◆ What the task requires ◆
In the listing below, find the line that contains "Conair MPW, MPA" and the line that contains "Lilford: Huxloe Hundred, England". Quote both and every line between them, exactly, and nothing more.

◆ Records supplied ◆

..............................

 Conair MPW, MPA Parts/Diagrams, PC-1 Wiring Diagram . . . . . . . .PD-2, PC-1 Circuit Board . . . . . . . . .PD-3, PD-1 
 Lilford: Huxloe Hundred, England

..............................

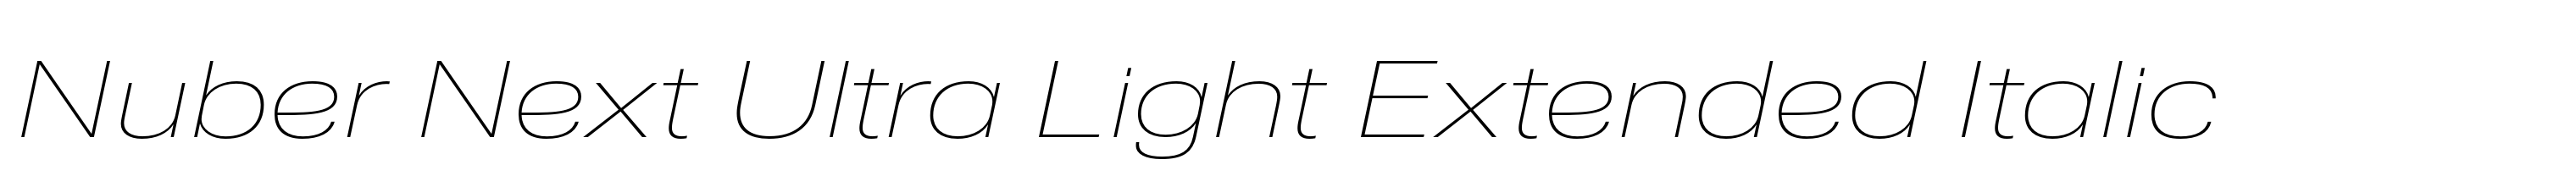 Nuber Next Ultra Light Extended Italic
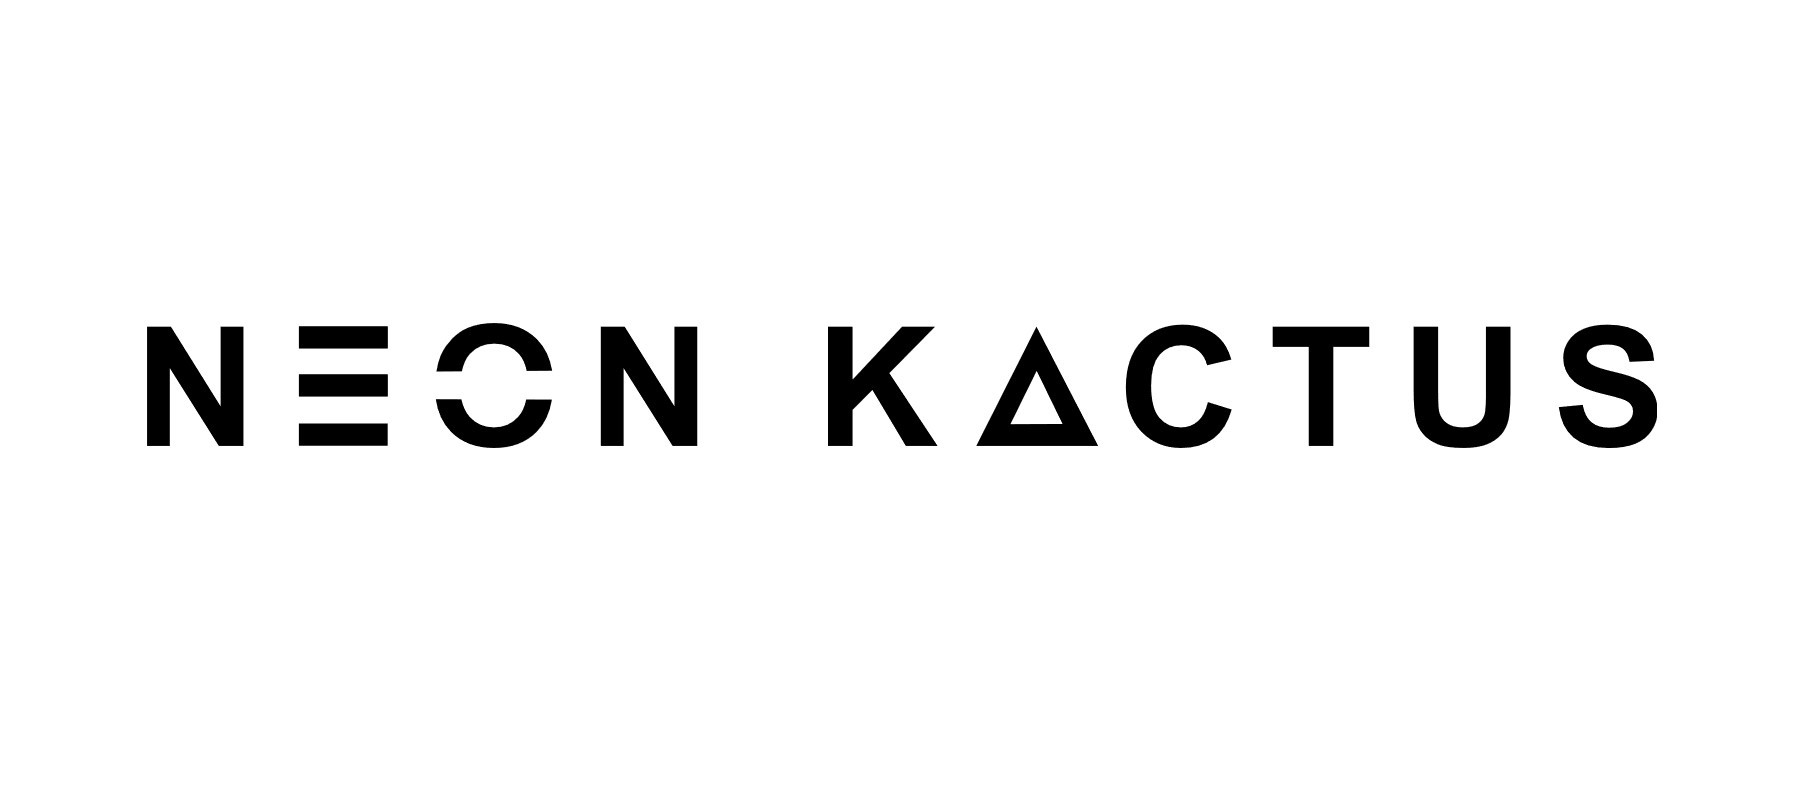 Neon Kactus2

..............................

◆ Problem solution ◆
 Conair MPW, MPA Parts/Diagrams, PC-1 Wiring Diagram . . . . . . . .PD-2, PC-1 Circuit Board . . . . . . . . .PD-3, PD-1 
 Lilford: Huxloe Hundred, England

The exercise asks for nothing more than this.